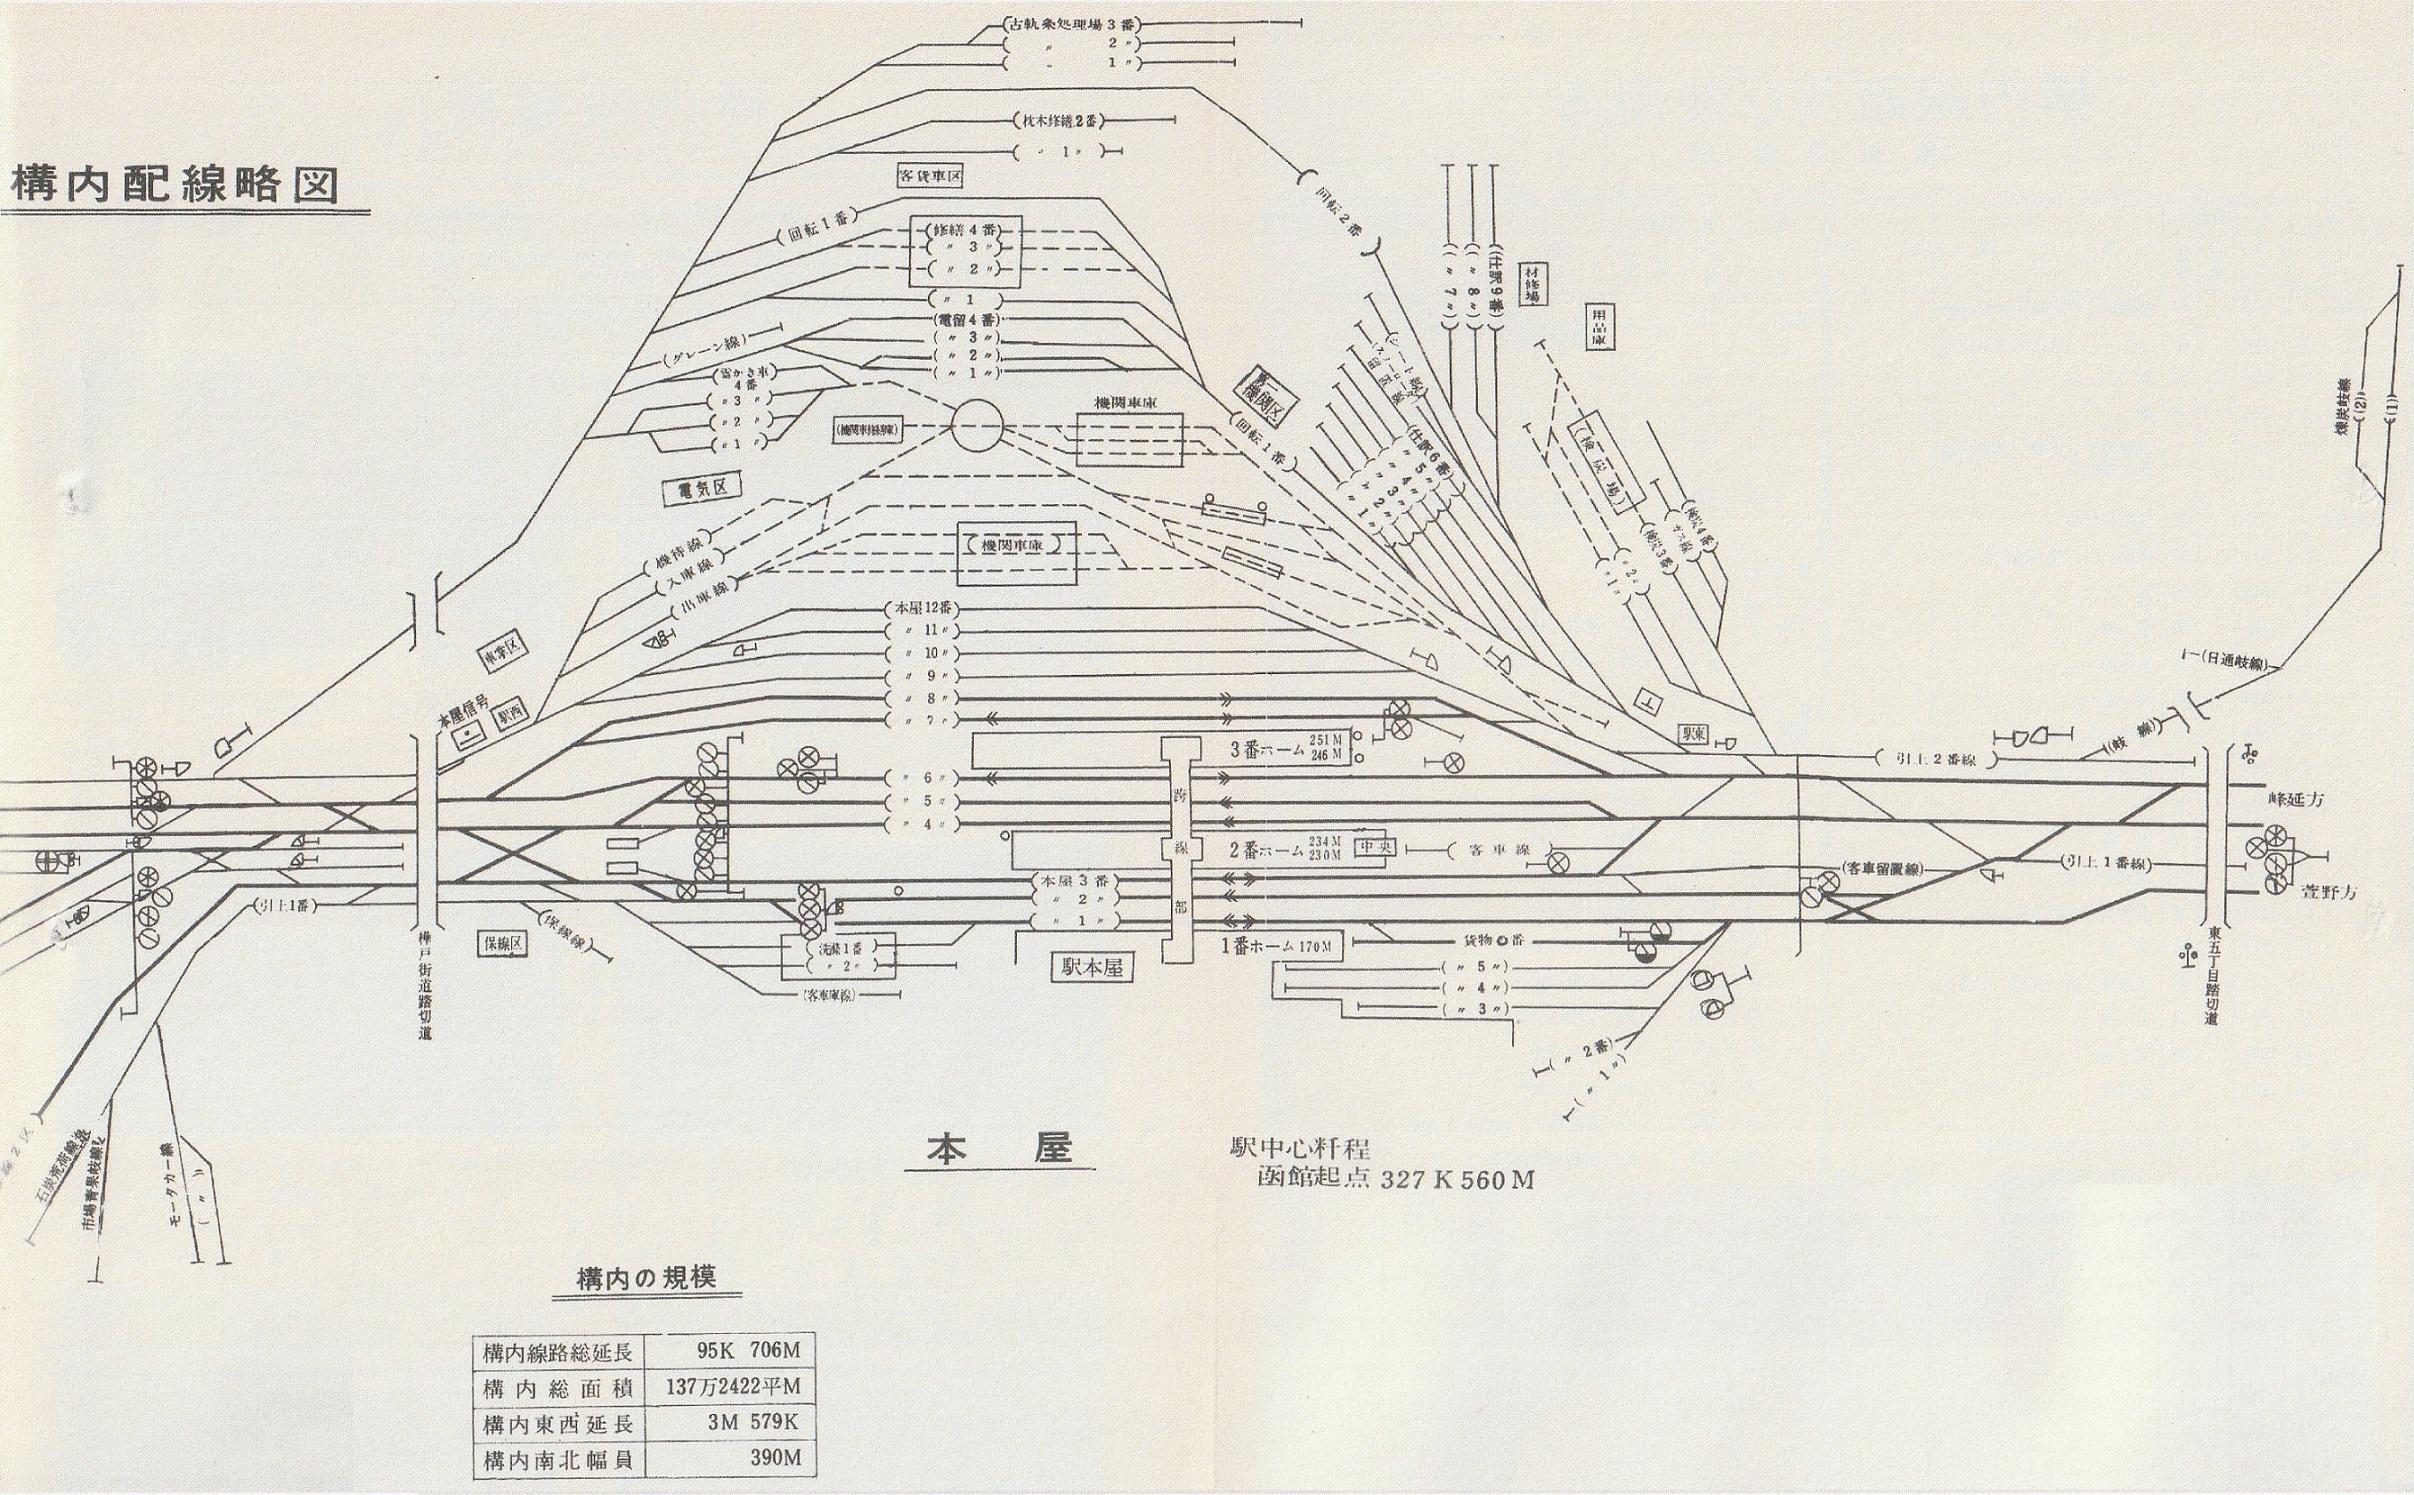 岩見沢駅本屋構内配線略図
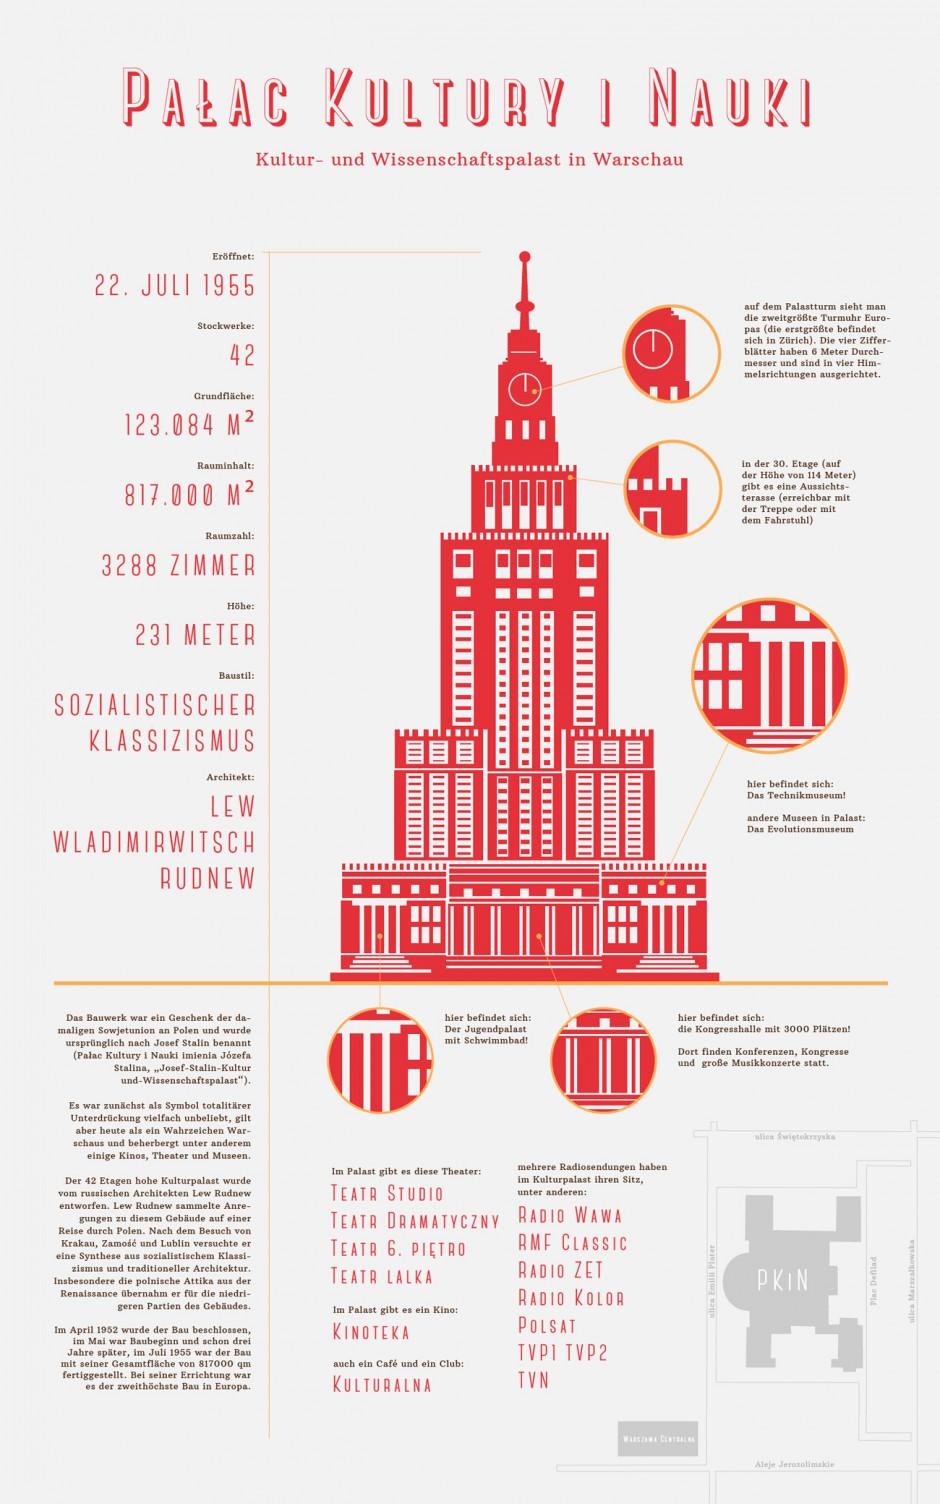 Infografik über den Kulturpalast, das Wahrzeichen von Warschau, Oktober 2014
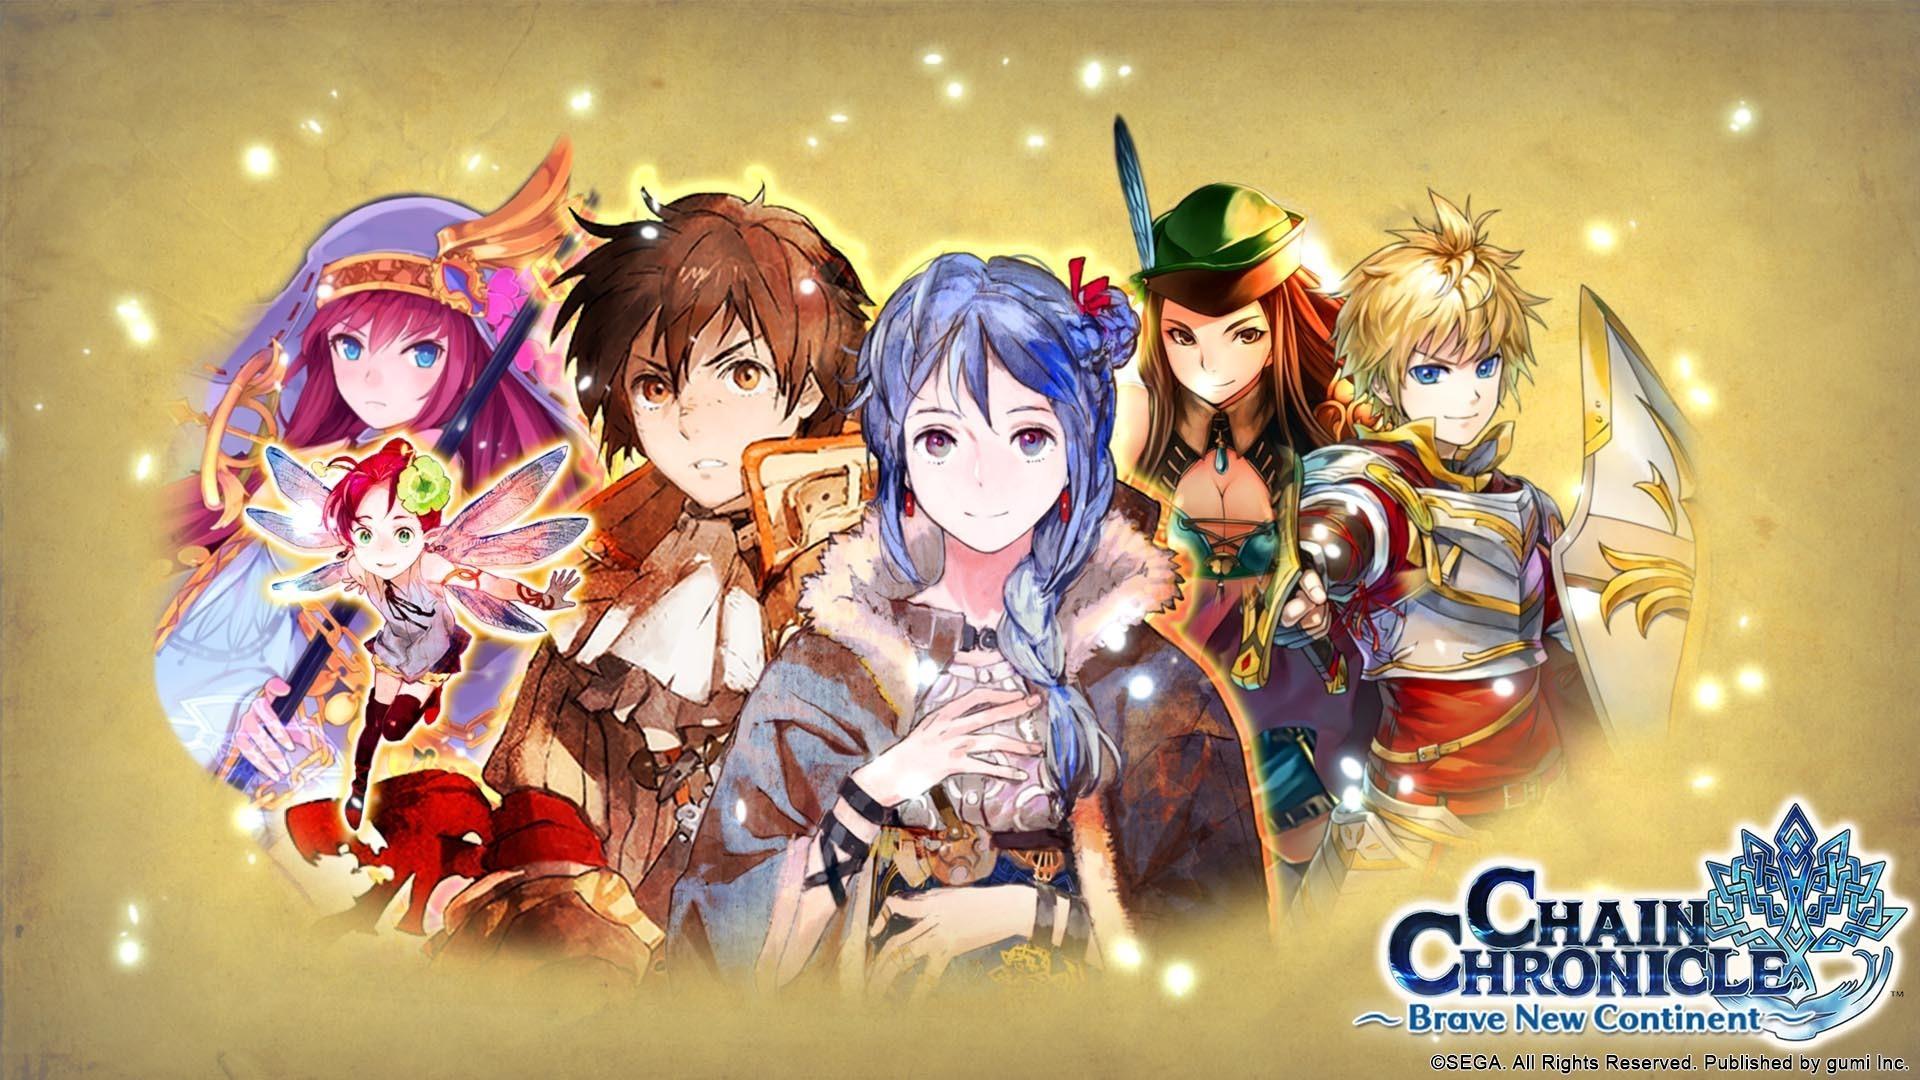 Chain Chronicle Anime

About this task: Once the images are set aside, retype all of the material above exactly.

Solved problem:
 岩見沢駅本屋構内配線略図
 Infografik über den Kulturpalast, das Wahrzeichen von Warschau, Oktober 2014
 Chain Chronicle Anime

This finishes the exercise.